TASK OBJECTIVE: The listing below is to be copied exactly, with pictures excluded.

INFORMATION SHOWN:
_ _ _ _ _
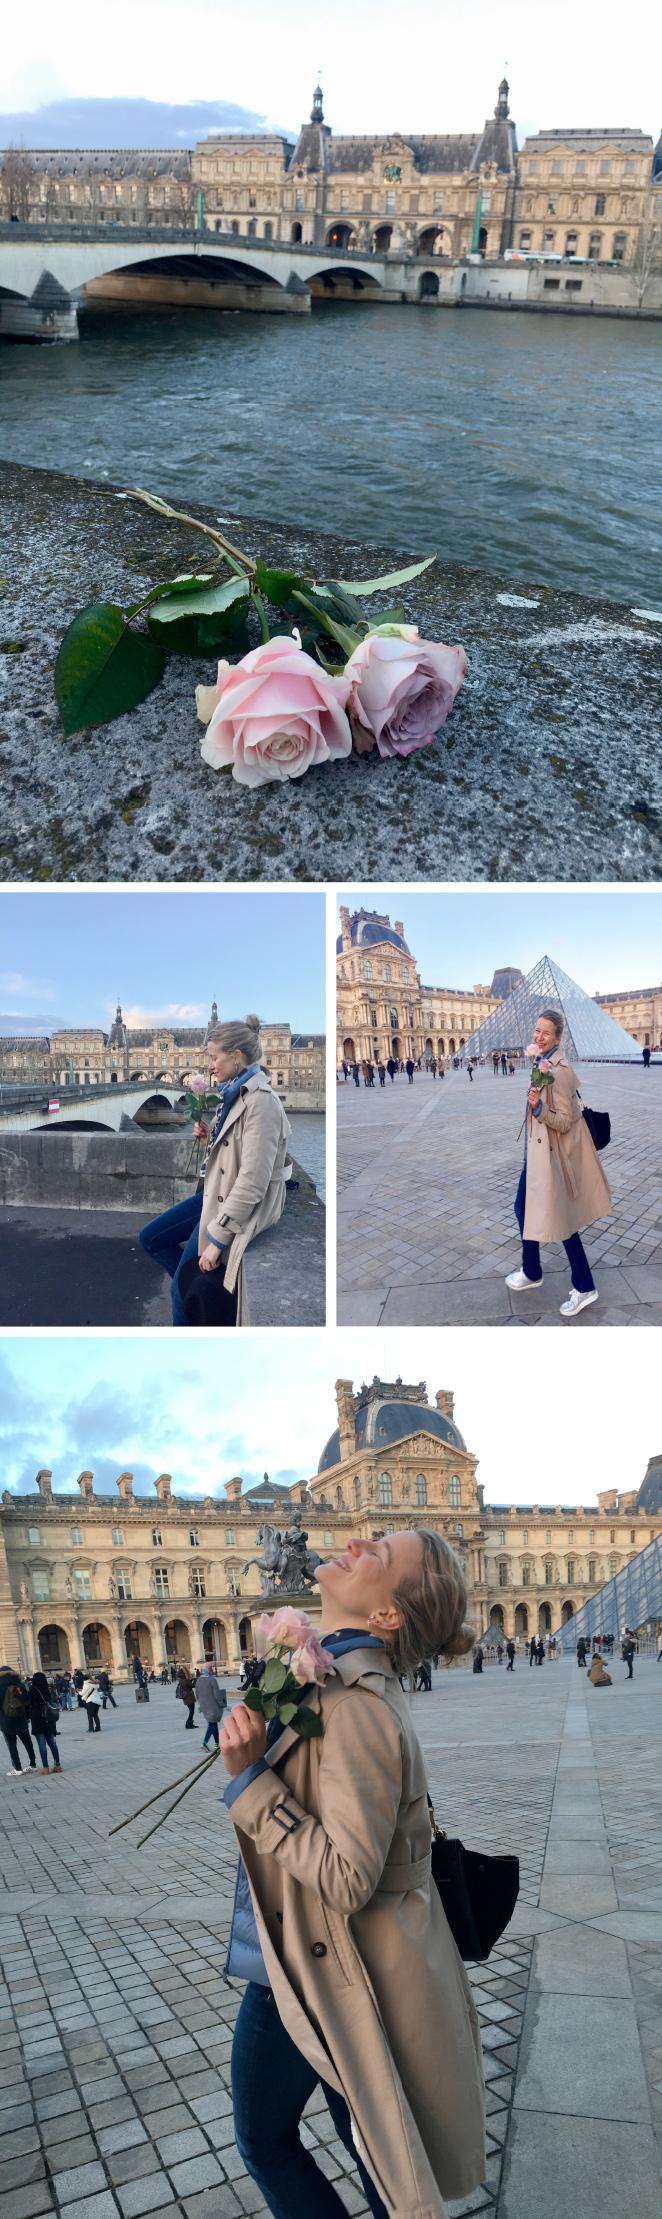 """Siempre es una delicia volver a París para, entre otras cosas, poder pasear por sus calles y contemplar la belleza arquitectónica de sus edificios que esconden capítulos importantes de la historia; visitar sus magníficos museos que siempre suelen albergar interesantes exposiciones de las que se aprende muchísimo; disfrutar de su apetecible gastronomía y de su gente, que irradia ese inimitable halo """"chic"""" tan parisino…"""
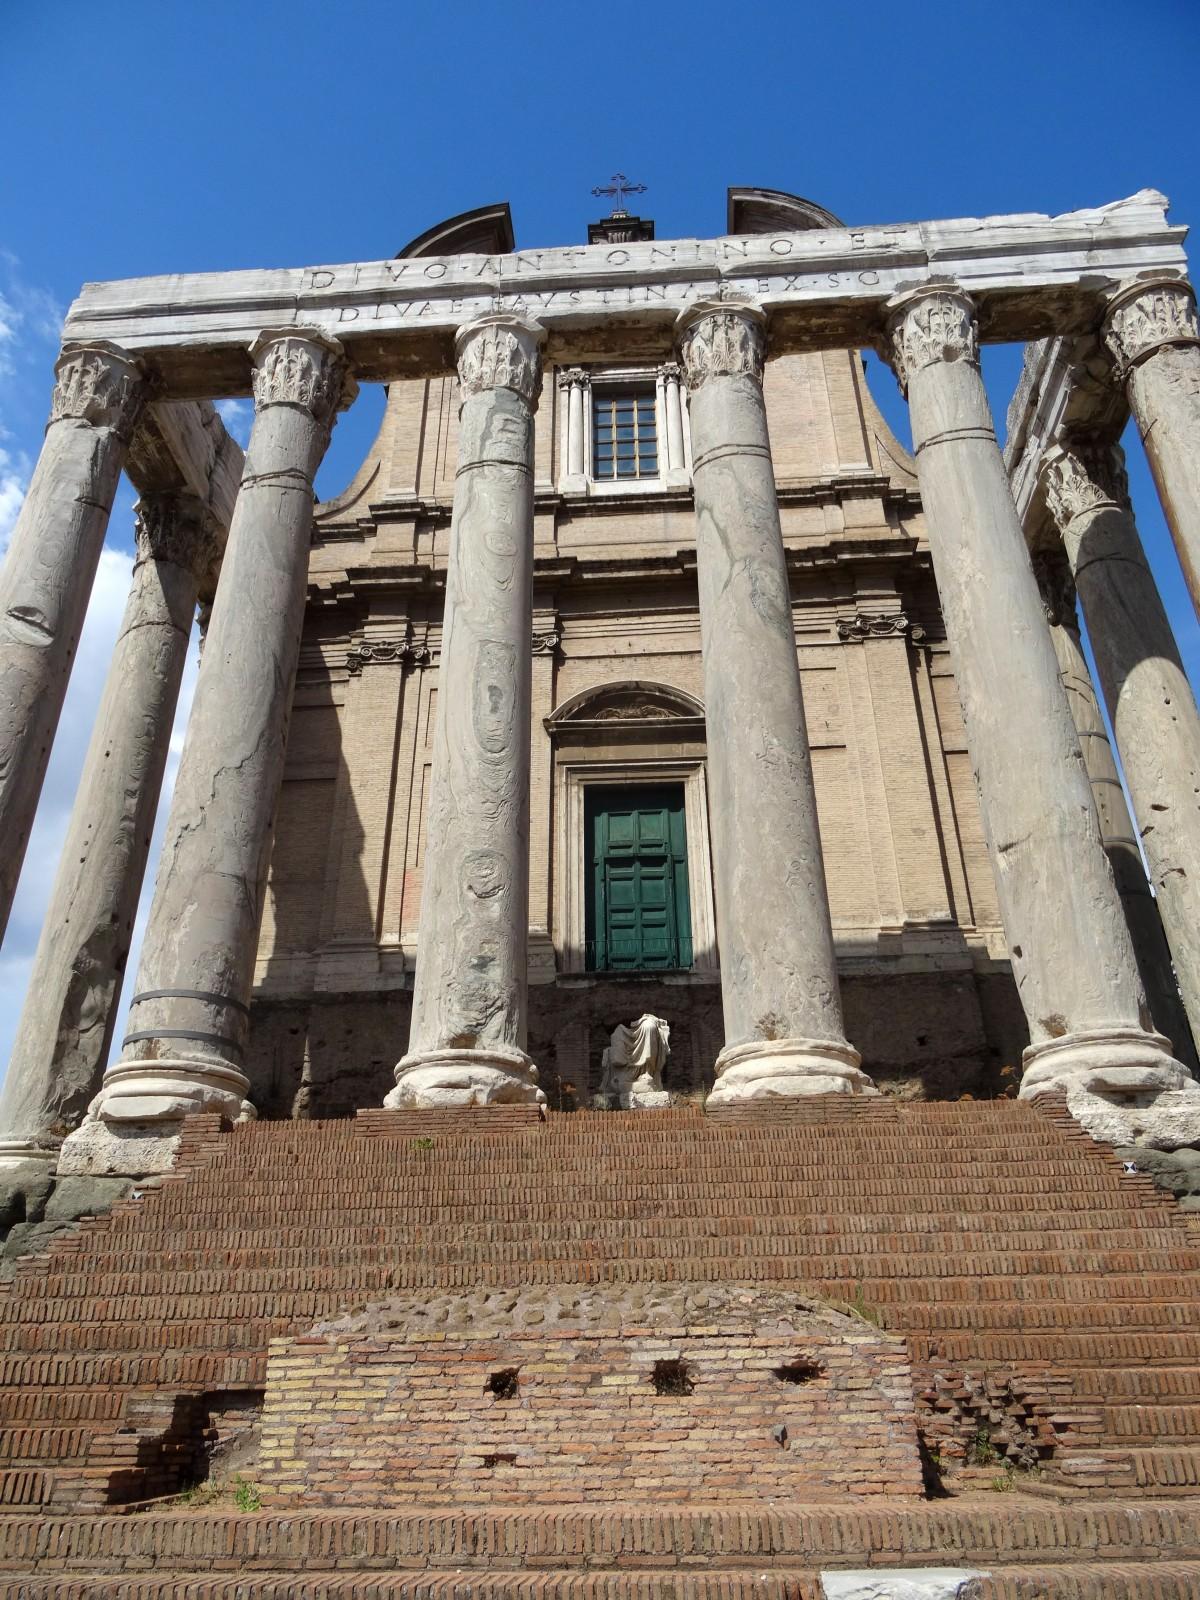 Roman Architecture Columns free images : structure, antique, building, column, tower
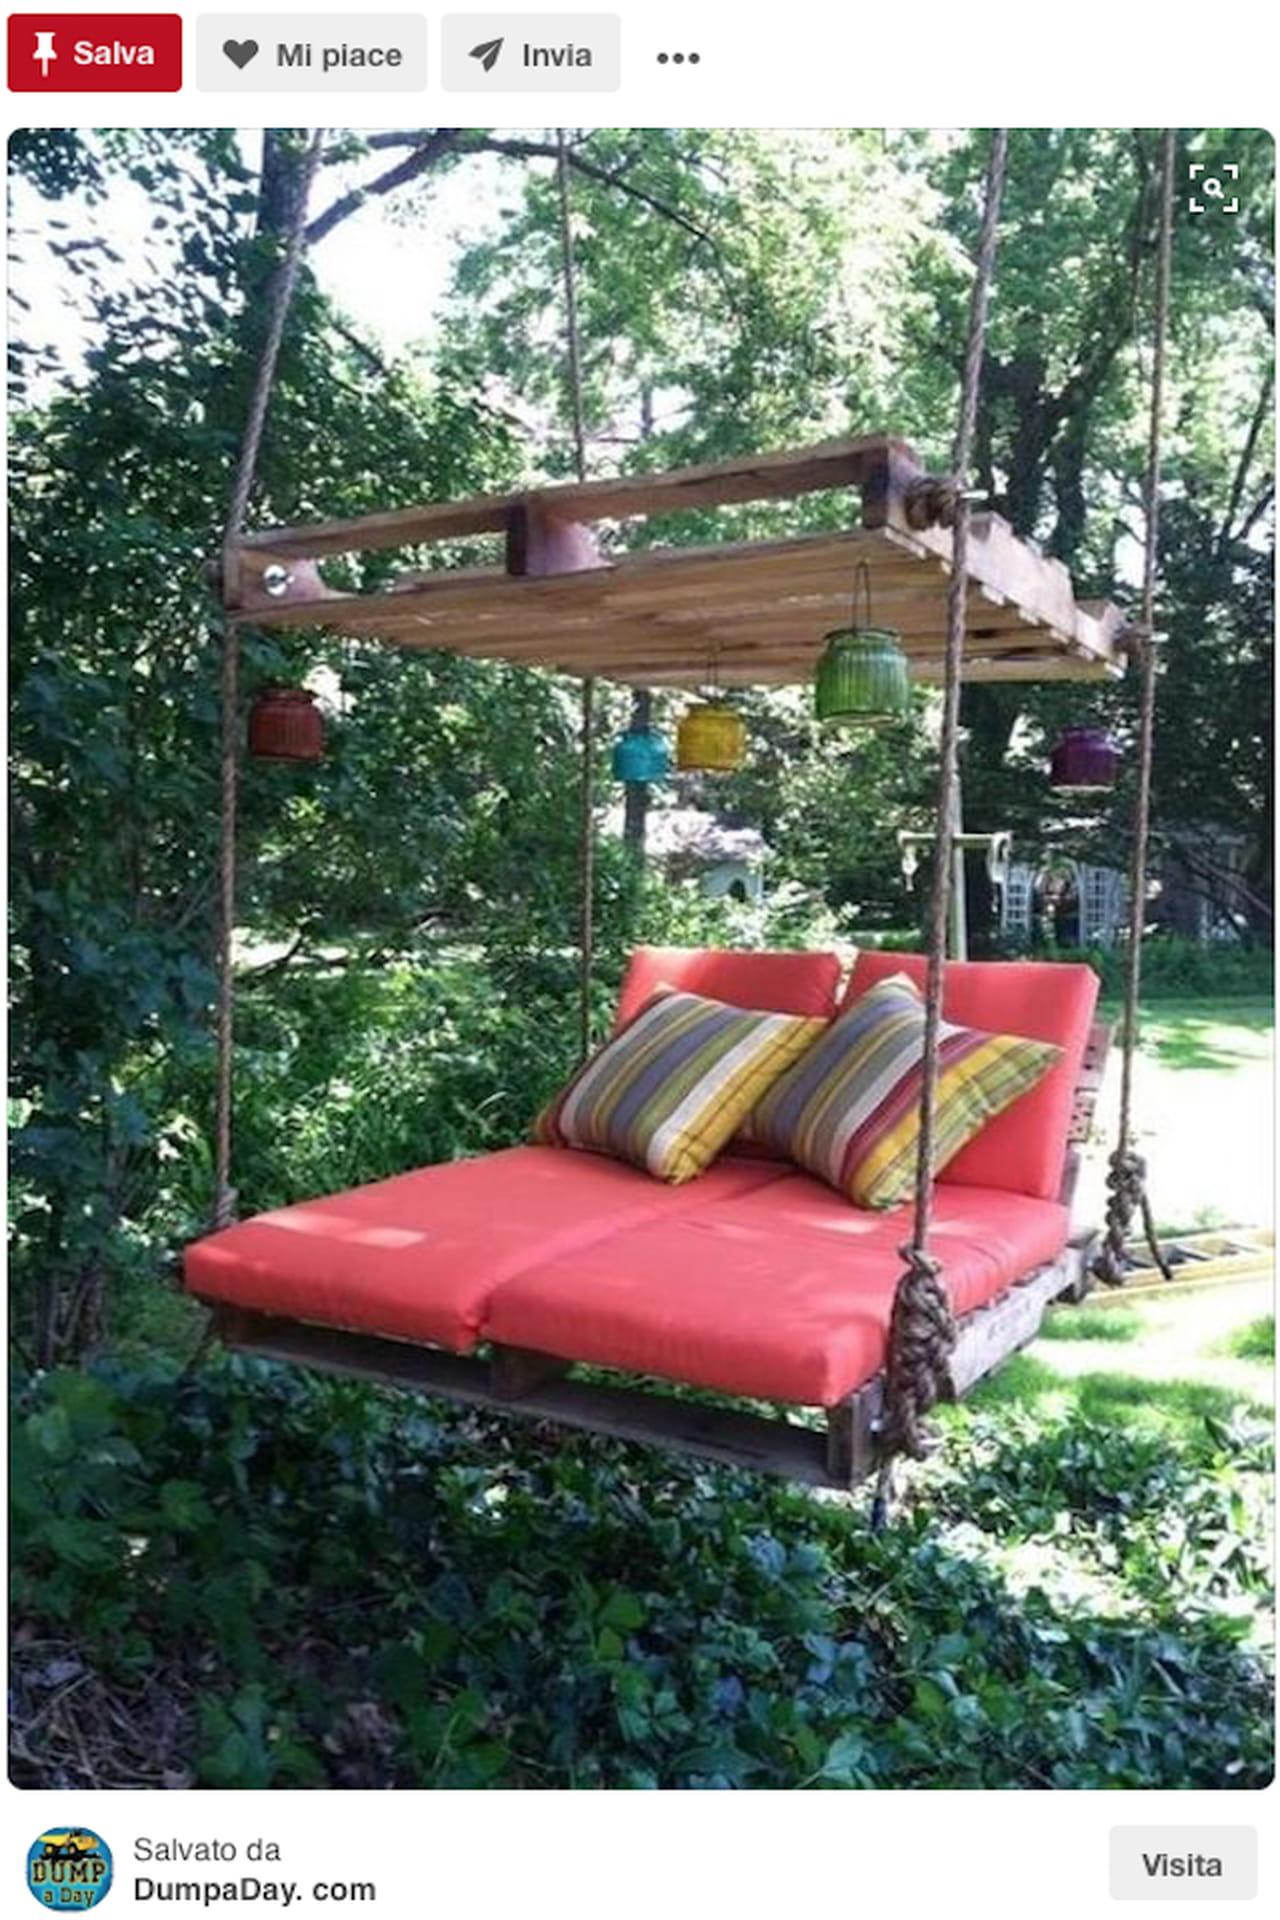 Creazioni fai da te idee giardino da pinterest for Riciclo arredo
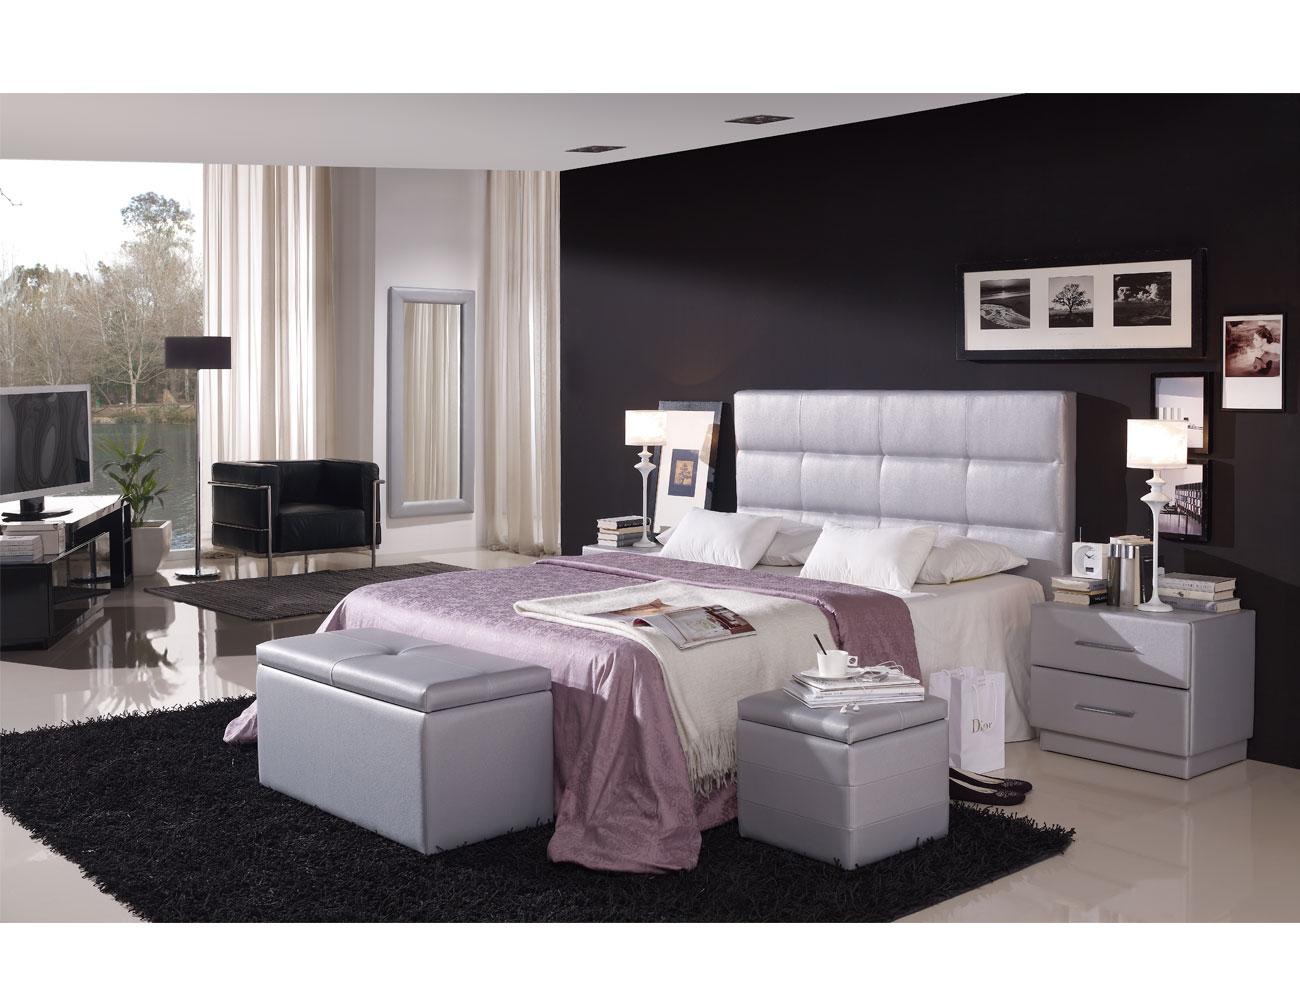 23 marco tapizado dormitorio928
_ _ _ _ _
REPLY TO THE TASK:
 """Siempre es una delicia volver a París para, entre otras cosas, poder pasear por sus calles y contemplar la belleza arquitectónica de sus edificios que esconden capítulos importantes de la historia; visitar sus magníficos museos que siempre suelen albergar interesantes exposiciones de las que se aprende muchísimo; disfrutar de su apetecible gastronomía y de su gente, que irradia ese inimitable halo """"chic"""" tan parisino…"""
 Roman Architecture Columns free images : structure, antique, building, column, tower
 Creazioni fai da te idee giardino da pinterest for Riciclo arredo
 23 marco tapizado dormitorio928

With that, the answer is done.